Prompt: The span to repeat in the listing below runs from the line containing "HORARIOS DE BALONCESTO" to the line containing "رئيس أركان الجيش", inclusive. Repeat it exactly, and only it.

Records for processing:

•••••

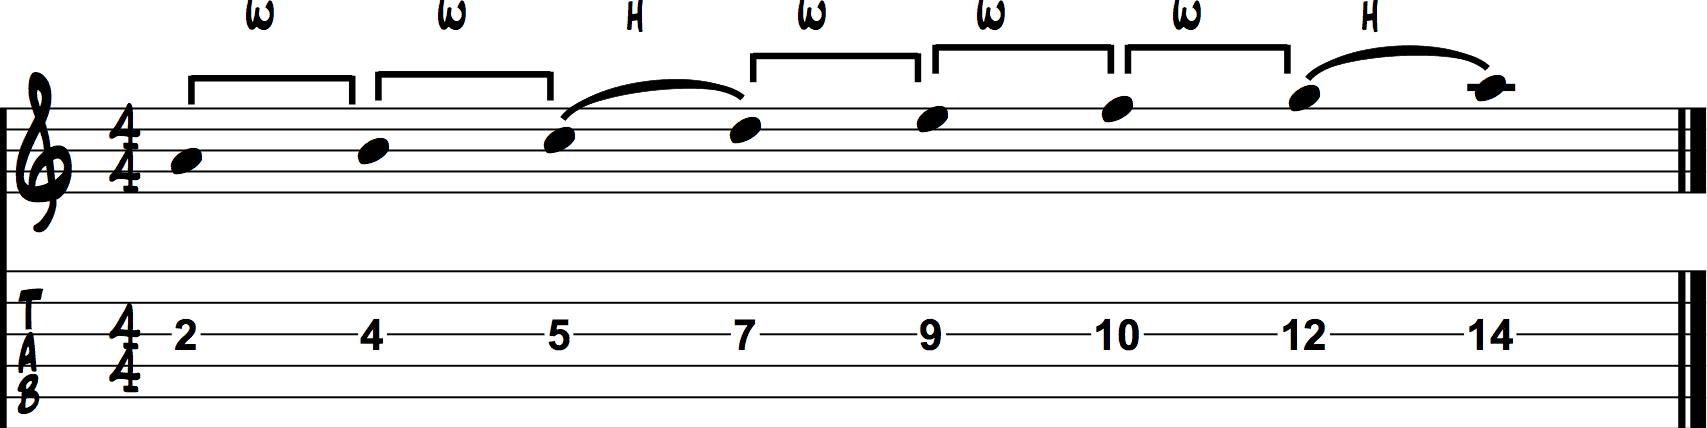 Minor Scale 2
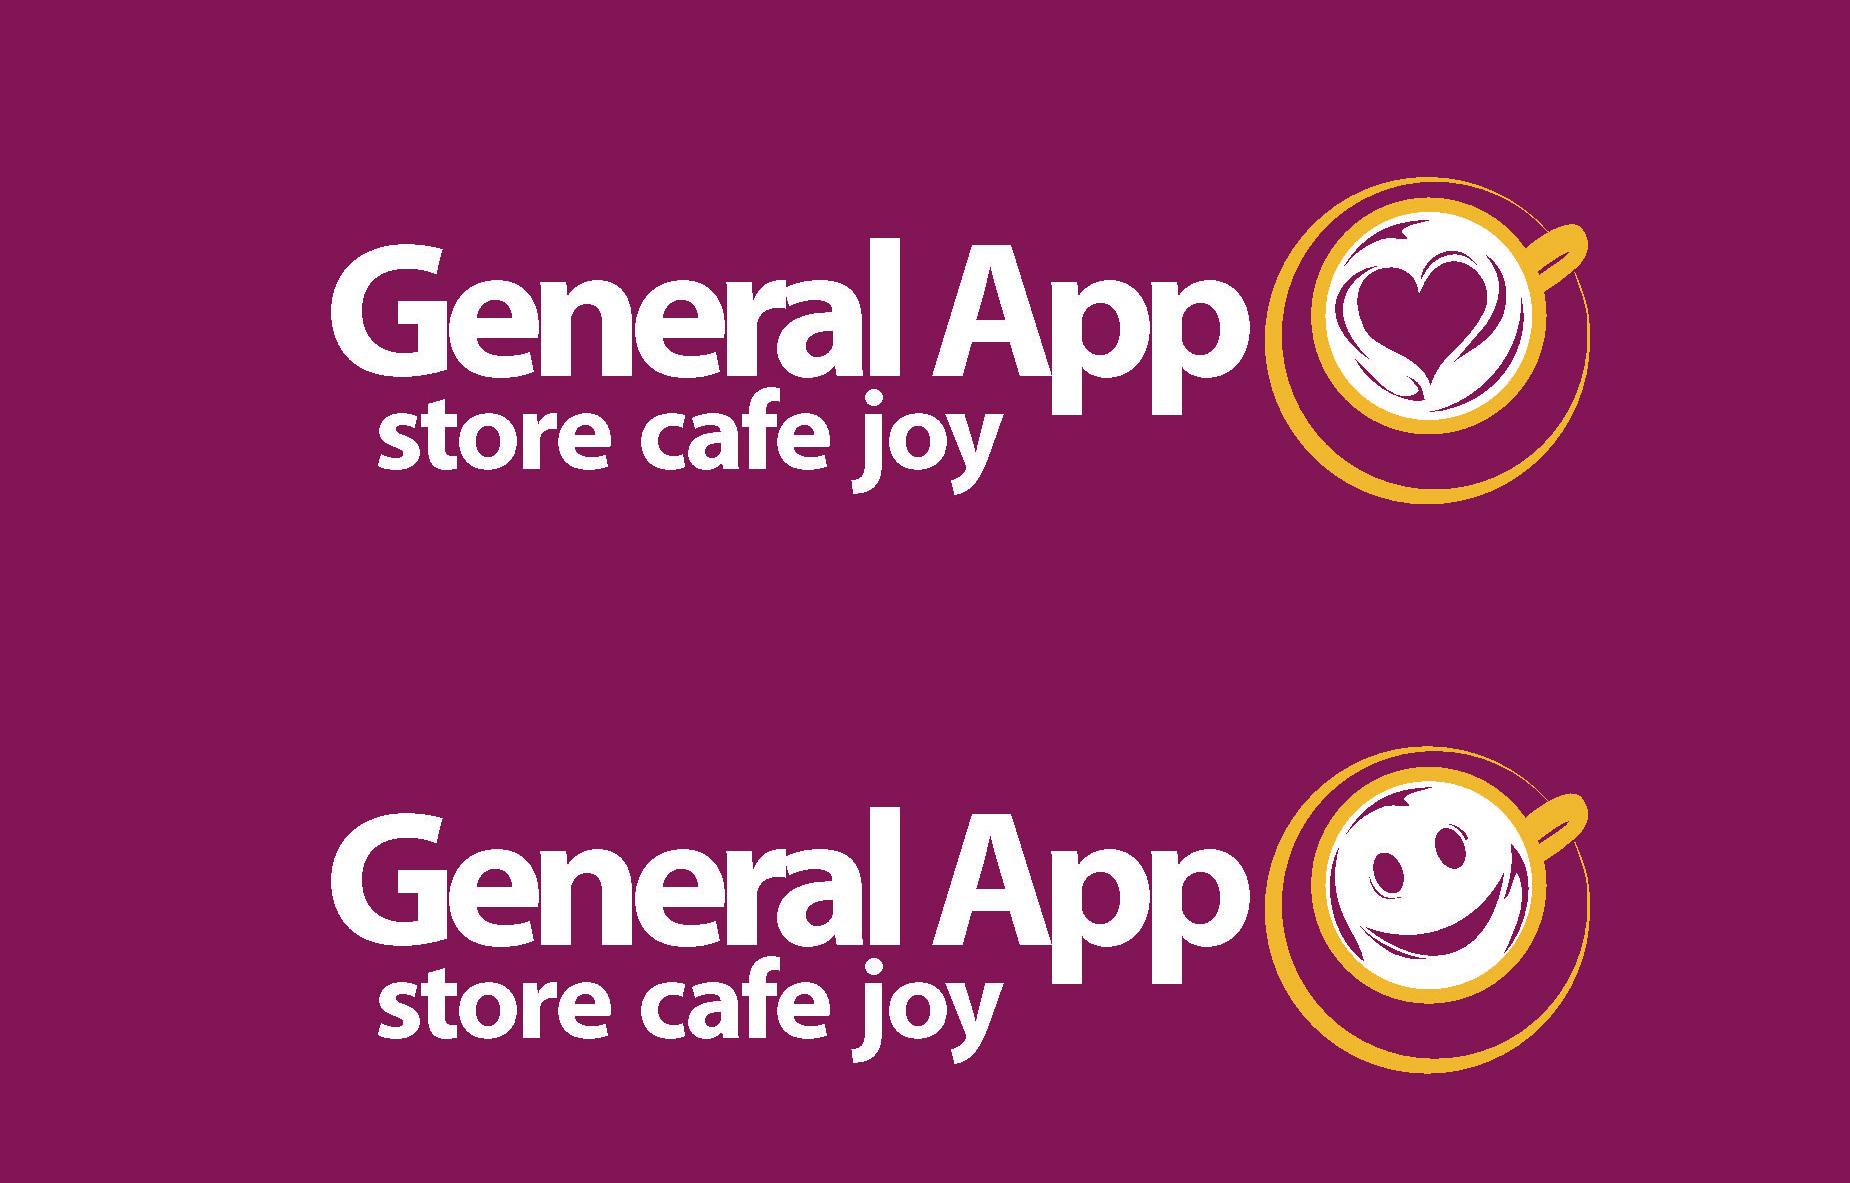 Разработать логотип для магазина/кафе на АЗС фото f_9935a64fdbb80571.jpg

•••••

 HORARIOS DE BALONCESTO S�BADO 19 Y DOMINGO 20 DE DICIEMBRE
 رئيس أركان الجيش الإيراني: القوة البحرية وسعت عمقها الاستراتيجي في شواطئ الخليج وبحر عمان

•••••

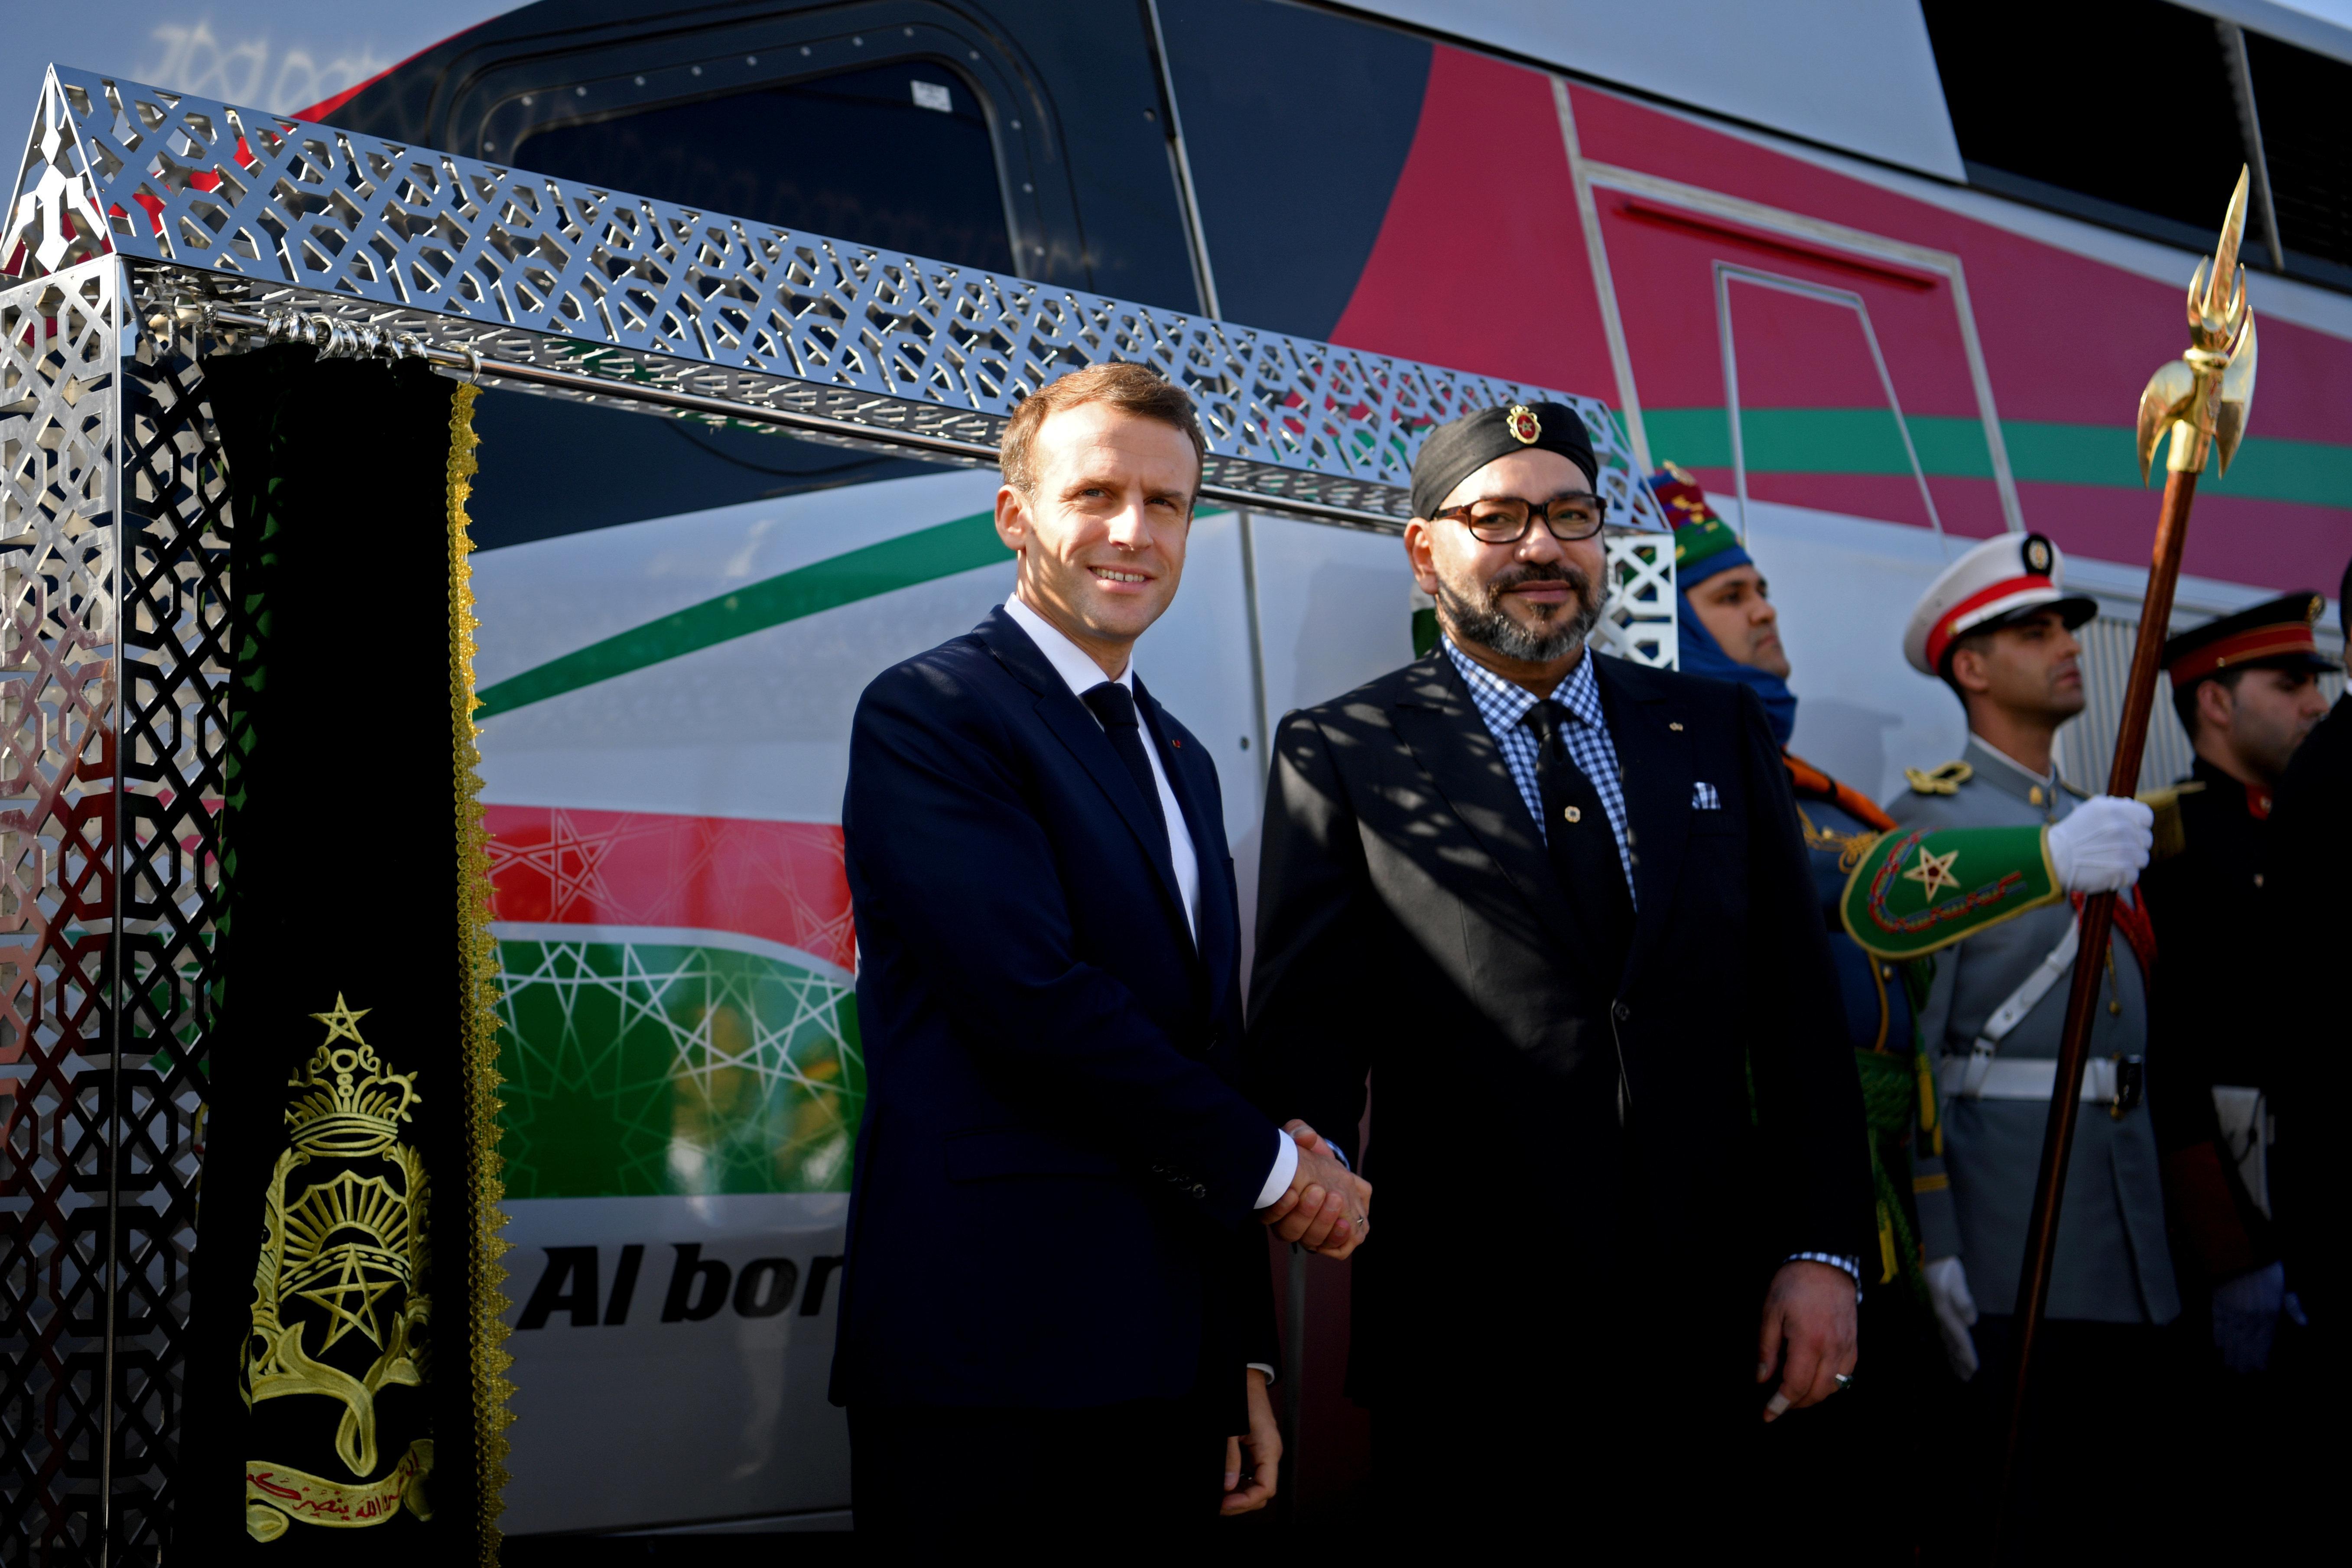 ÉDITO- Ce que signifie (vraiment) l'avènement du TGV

•••••

Expected output:
 HORARIOS DE BALONCESTO S�BADO 19 Y DOMINGO 20 DE DICIEMBRE
 رئيس أركان الجيش الإيراني: القوة البحرية وسعت عمقها الاستراتيجي في شواطئ الخليج وبحر عمان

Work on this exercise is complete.